Active Euthanasia means physician-assisted suicide by way of lethal injection whereas Passive Euthanasia means removing the patient from life-sustaining treatment. Para 49 explains that in Passive Euthanasia, there is no medical intervention from the doctor while on the other hand, Active Euthanasia involves injecting a lethal medication which kills the patient. The former is a premature extinction of life while the latter does not delay life beyond its natural end point.

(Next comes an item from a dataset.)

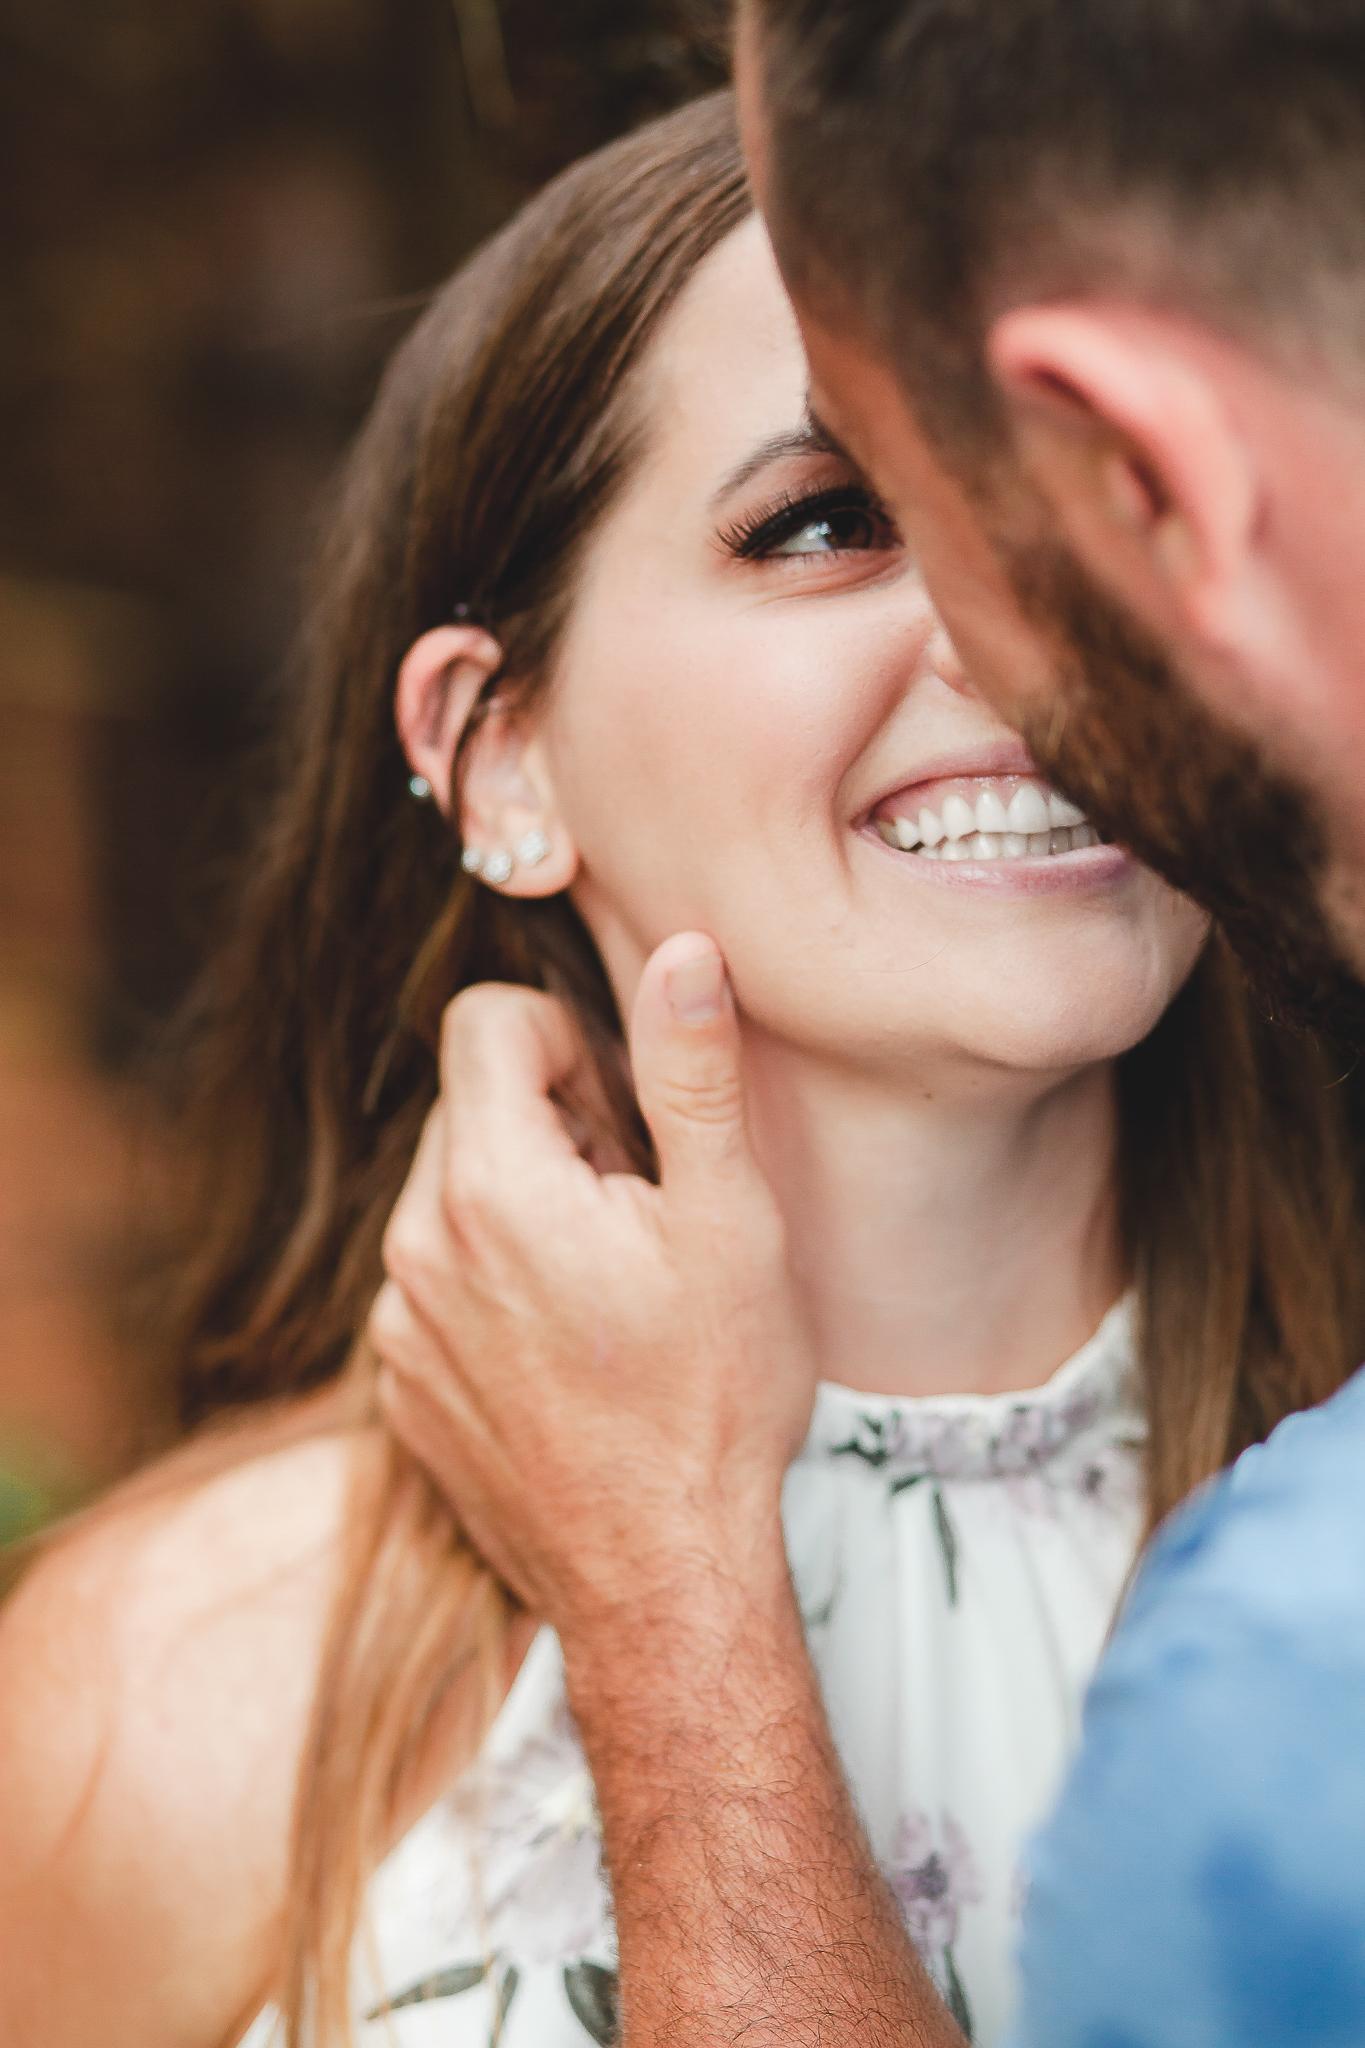 Amy D Photography- Barrie Wedding Photography- Barrie Wedding Photography- Engagement Session- Engagement Photography- Engagement Session Ideas- Wedding Photography-28.jpg

Right to Die with Dignity under Article 21
Dignity is recognised as the core element of life as recognized under Article 21. Life is not merely an animal existence and that Dignity is the underlying force of all fundamental rights that confer an individual a dignified existence. Right to life is an inviolable fundamental right and putting an end to it is inherently an act against that person’s dignity. The Court referring to Gian Kaur v. State of Punjab (1996) 2 SCC 648, opined that the fundamental right to life under Article 21 is not merely a guarantee of biological survival but a right to live with dignity and includes a right to have a dignified process of death. The Court in Para 22 of the decision, observed that Article 21 is a provision guaranteeing protection of life and personal liberty and by no stretch of imagination can “extinction of life” be read to be included in “protection of life.” Justice Dipak Misra, in the 2018 Common Cause judgment, observed that the withdrawal or withholding of life-sustaining treatment from a patient in a Persistent Vegetative State (PVS) would neither constitute suicide nor amount to abetment thereof, but would merely facilitate the natural process of death which had already commenced.
Best Interest of the Patient
The Court clarified that a holistic assessment of all circumstances, be it medical or non-medical, should be conducted including the patient’s wishes, feelings, beliefs, values, and any other factor which would likely influence the patient’s decision, or which the patient themselves would have taken into account, if they had the capacity to decide. It involves a deep consideration of the patient’s life, their relationship with family and the value that the family life has for the patient. There is no strait-jacketed formula to determine the best interest and requires consideration of all circumstances, ultimately answering the question of whether it is in the patient’s best interests that life should be prolonged by the continuance of the particular medical treatment. A doctor’s duty to continue treatment to a patient obliges only until such treatment is capable of conferring some therapeutic benefit upon the patient. It is not mandated after it is clear that the treatment only prolongs biological existence and the patient does not reap any actual benefit.
The Court held that continuing the medical treatment for the Appellant merely artificially prolonged his existence but did not add any meaningful purpose to his life, only adding agony and giving an undignified life. The Court cautioned that the first step towards initiating Euthanasia was obtaining written consent of the patient’s next of kin/next friend/guardian.
CONCLUSION
The Court therefore concluded that continued prolonged treatment is no longer beneficial for the patient and opined it to be stopped. It issued directions to AIIMS to take the necessary steps to withdraw the undergoing medical treatment.
In Para 332, the Court remarked, “This decision is not about choosing death, but is rather one of not artificially prolonging life. It is the decision to withdraw life-sustaining treatment when that treatment no longer heals, restores, or meaningfully improves life. It is allowing nature to take its course when medicine can only delay the inevitable because survival is not always the same as living.”